Los cuarenta días de la Cuaresma son una cuarentena y sabemos de qué se trata. El retorno del año litúrgico nos enseña que al final hay un arresto y una sentencia de muerte, y al final final, la resurrección. Todo un programa, para toda la vida, la individual de cada uno de nosotros, la de la humanidad. El historiador italiano, Aldo Schiavone, nos dio hace poco un Ponzio Pilato, apasionante biografía del prefecto de Judea que condenó a Jesús. Ese gran personaje del imaginario occidental está presente en grandes novelas, como El Maestro y Margarita de Bulgakov, Judas de Amos Oz, o La facultad de las cosas inútiles de Yuri Dombrovski.

La tesis de Schiavone es que el hombre que se lava las manos, símbolo del cobarde que huye de sus responsabilidades, no es tal. Cuando, en las primeras horas de la mañana, le presentan a Jesús –el encuentro entre César y Dios–, Pilato intenta varias veces soltarlo, hasta que adivina el sentido de la resignación obstinada del preso. El prefecto entiende la meta de Jesús, el sacrificio redentor, y “acoge esta inexplicable voluntad que está delante de él”. Toma su decisión con plena conciencia. En las leyendas populares que nacieron de manera muy temprana, tanto el centurión Longino, el de la lanza en el costado de Jesús, como Poncio Pilato se vuelven cristianos.

Si Pilato hubiera liberado a Jesús, Cristo no habría existido, no habría sucedido nada. La historia habría seguido su curso, dice Schiavone. Su muerte era necesaria, pero una muerte consciente y libre, la del Hijo del Hombre. Poncio Pilato cumplió su papel en el misterioso plan divino. Parece haber sido un tirano: “Soborno, violencia, ejecuciones sumarias, infinitas y horrorosas crueldades”, escribió de Pilato el rey Agripa I en una carta al emperador Tiberio. Jesús, un día, lo había mencionado a sus discípulos, a propósito de los galileos, cuya sangre Pilato había mezclado con la de sus sacrificios. Pero, aun así, no quería ajusticiar a Cristo. ¿Por qué? Aquí empieza la confusión que Schiavone quiere disipar. Los escritores cristianos lo complicaron terriblemente todo.

Uno puede especular de otra manera que Schiavone. A los judíos no les gustaba Pilato, escribían a Roma quejándose y finalmente obtuvieron lo que querían. Pilato fue destituido, años después de aquella mañana del viernes que se llamaría Viernes Santo.

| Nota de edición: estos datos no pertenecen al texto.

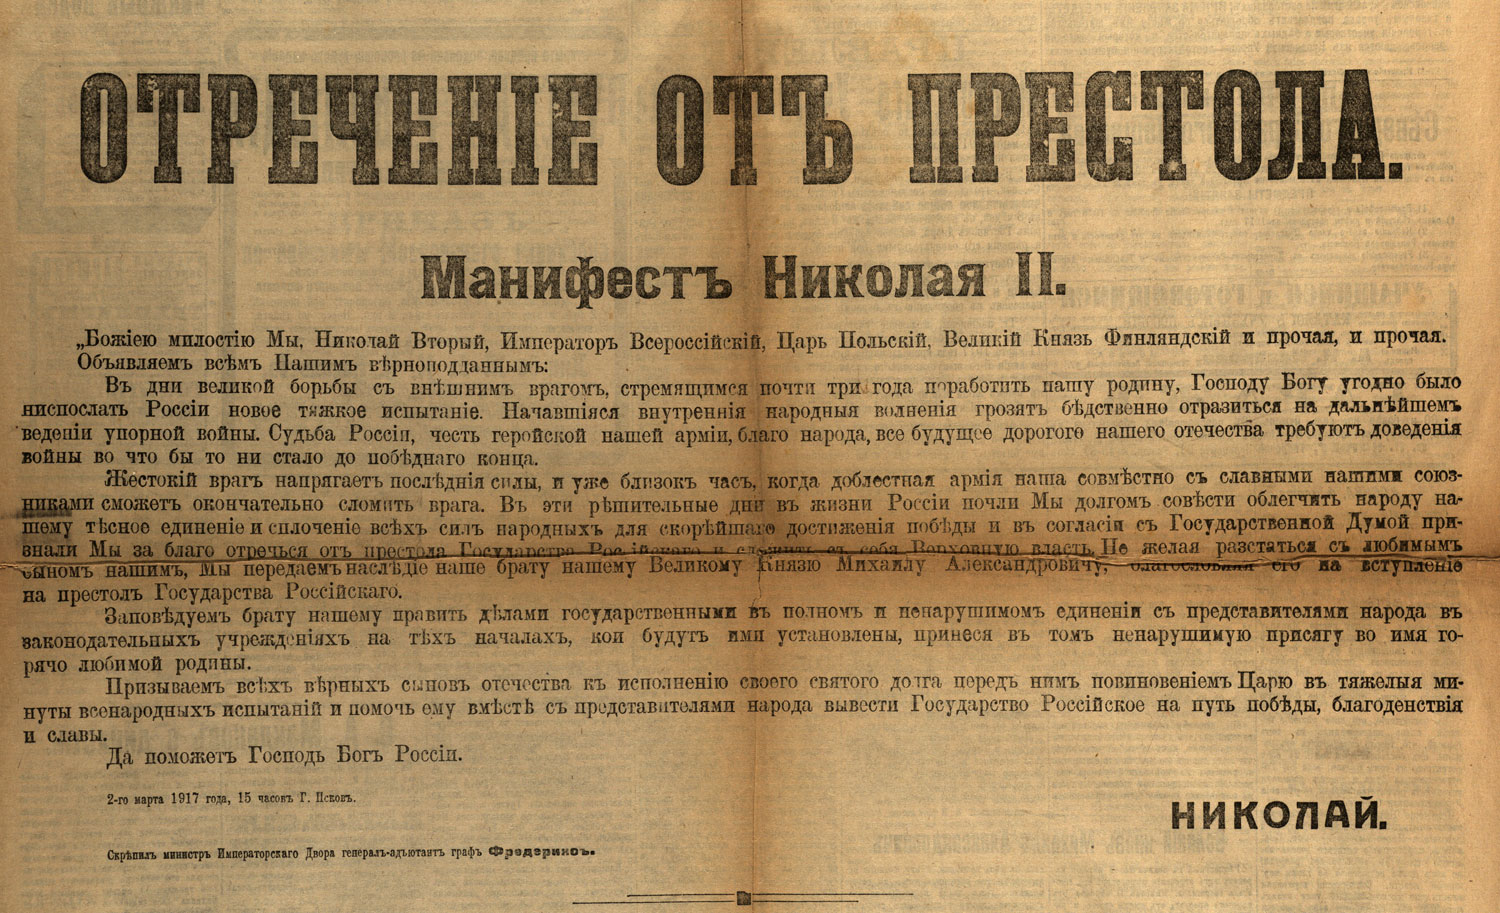 15 Марта 1917 года отречение Николая II от престола

Algunos dicen que fue obligado a suicidarse en tiempo de Calígula, otros dicen que Nerón lo mandó ejecutar, otros que, exiliado, se ahogó en el lago de Lucerna. En los Alpes, sé de un cerro que se llama el Monte Pilato. El caso es que uno puede pensar que no quería ajusticiar a nadie para complacer a sus enemigos judíos. O bien, que Pilato, como buen político, tenía una razón de Estado: este Jesús, predicador errante, no era un agitador revolucionario: el hombre debe transformarse desde dentro y luego todo vendrá por sí solo. Y criticaba a la autoridad de los fariseos y del Sanedrín, autoridad peligrosa para el Imperio romano.

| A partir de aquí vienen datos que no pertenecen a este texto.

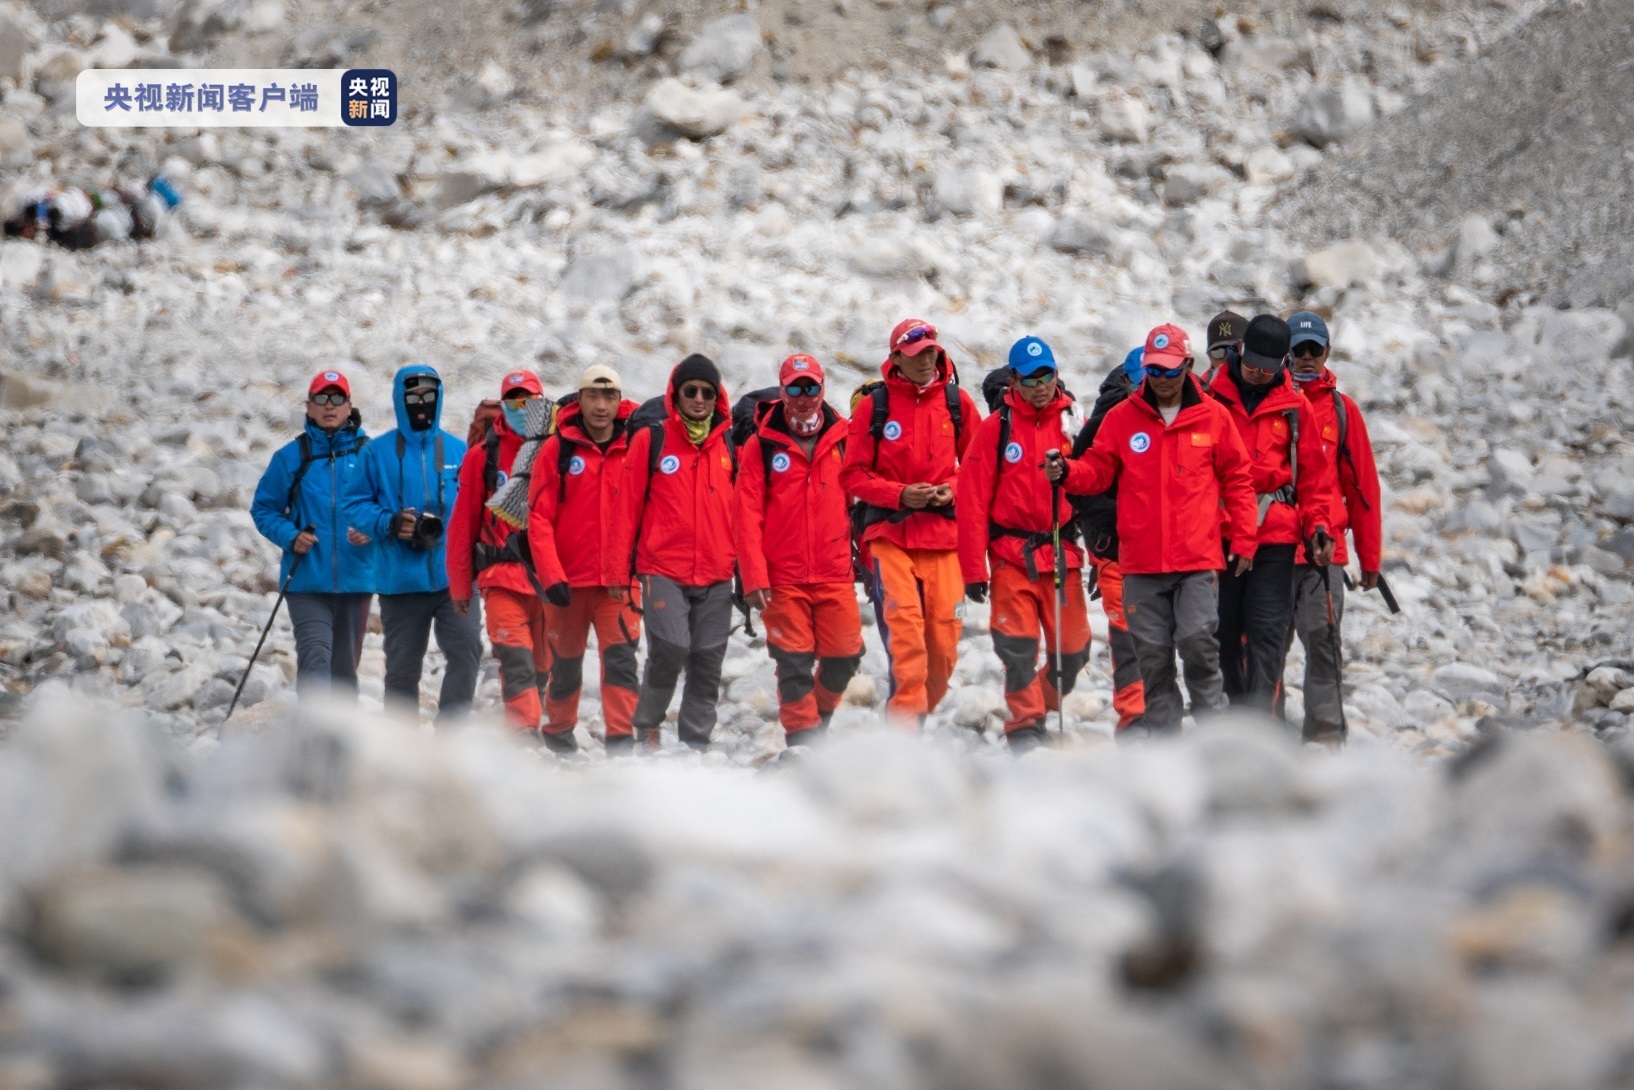 “巅峰使命”珠峰科考丨13名科考登顶队员已安全返回珠峰大本营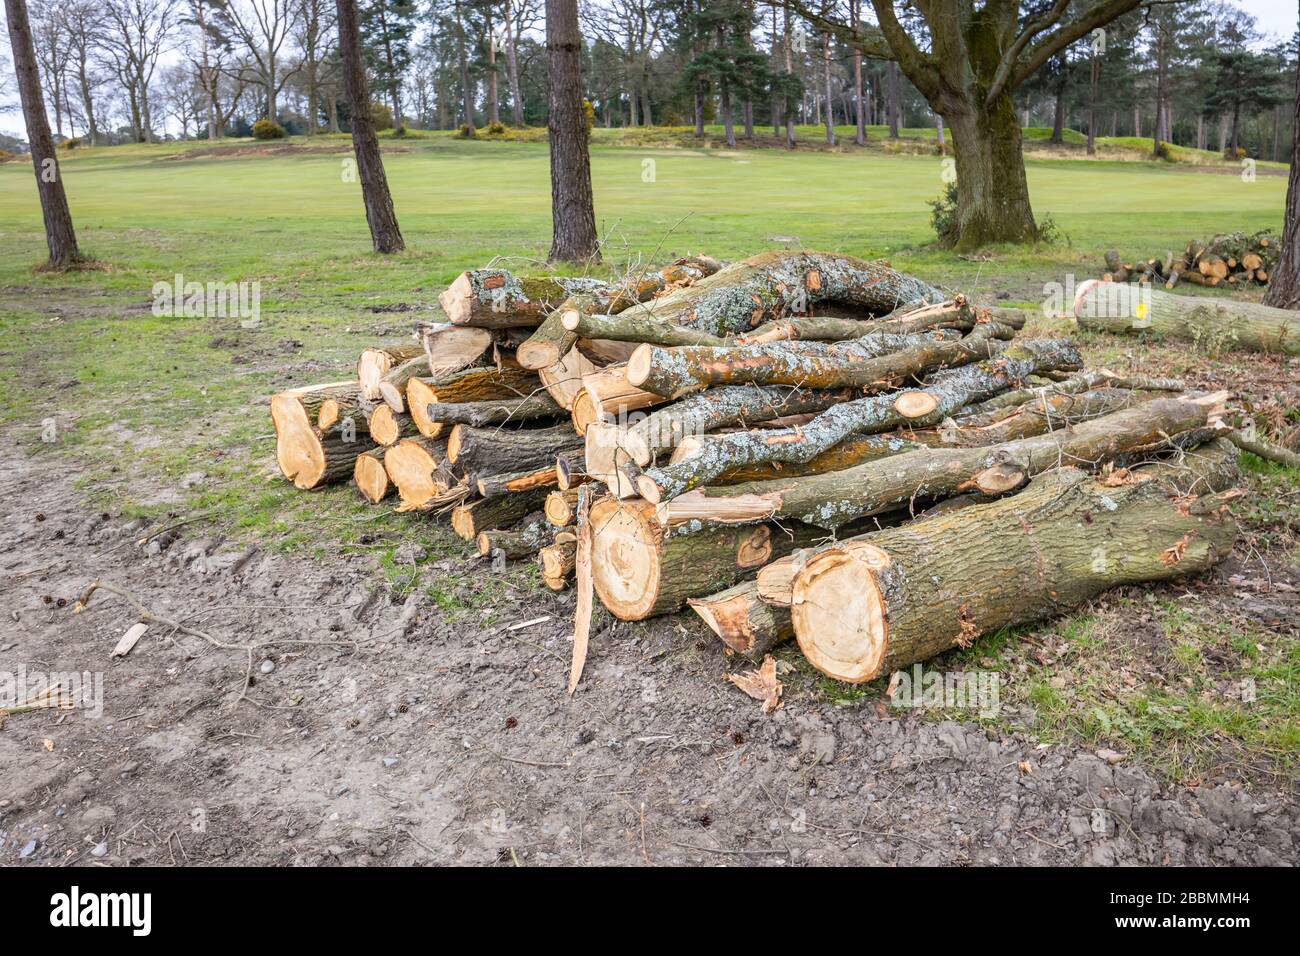 Tas de troncs de pins de pin sciés fraîchement coupés empilés pendant les opérations d'abattage et de déstockage des arbres, Surrey, sud-est de l'Angleterre Banque D'Images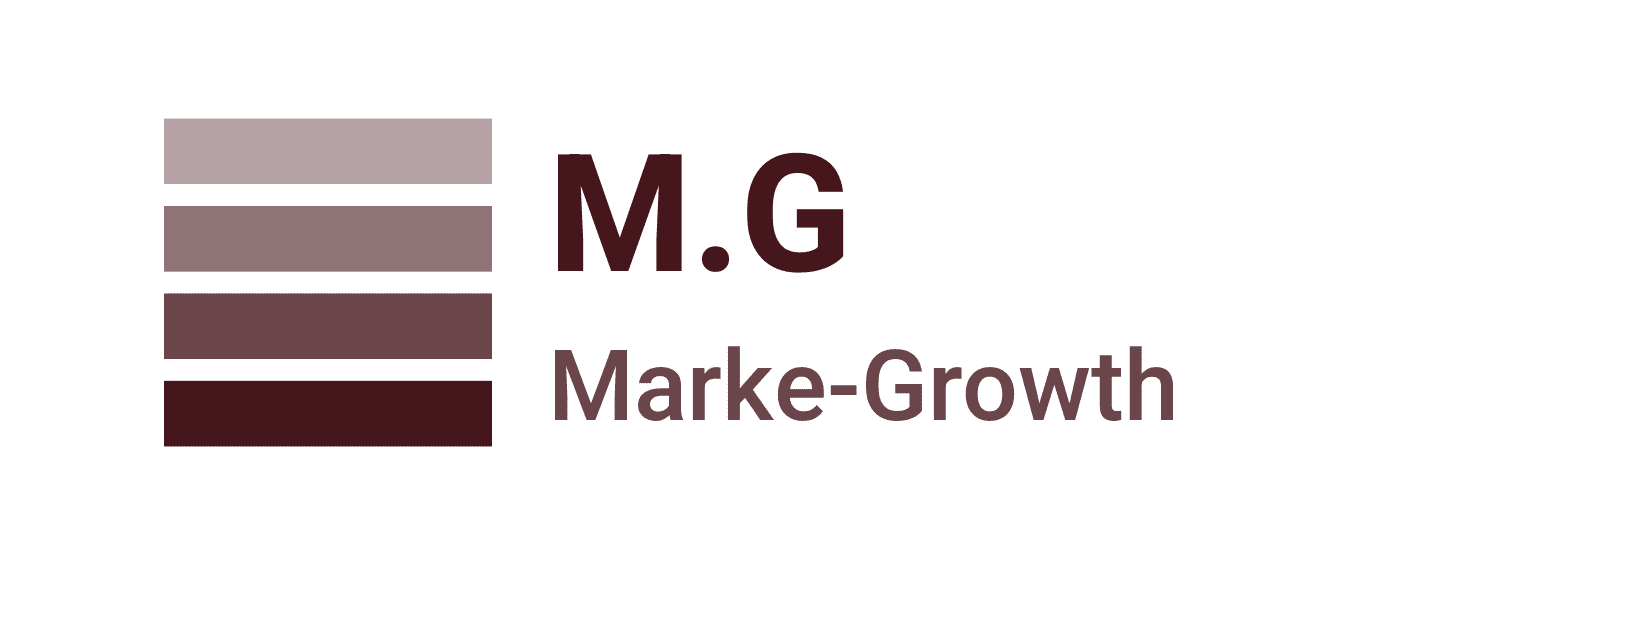 マーケ・グロース -Marke Growth-

Pienso yo que el romano, hombre duro y despiadado, fue impresionado por lo que sus informantes le reportaron: “Amad a vuestros enemigos, bendecid a los que os maldicen, haced bien a los que os odian y orad por los que os ultrajen y persiguen”. ¿Invita a rezar por mí, el invasor, a amarme? Sintió que Jesús, que Cristo –ya puedo decir Cristo– era una fuerza. Dostoievski dijo que la mansedumbre es una fuerza terrible. Un Dostoievski bien confundido en su deseo de ser verdaderamente cristiano, atormentado entre dos personajes simbólicos, el desastroso príncipe Mishkin y el Gran Inquisidor. Yuri Dombrovski tiene razón cuando dice que Pilato era mucho más realista que Dostoievski y su inquisidor. “Entendía a Cristo tal como era y ese Cristo le iba muy bien”. Encuentro fabuloso entre el historiador italiano y el escritor ruso.

Después: la resurrección en la primavera de Jerusalén. Pasan los siglos y los milenios con sus variaciones históricas; “sólo el año litúrgico de la Iglesia teje la gloria santa de la eternidad” (Franz Rosenzweig, La Estrella de la redención).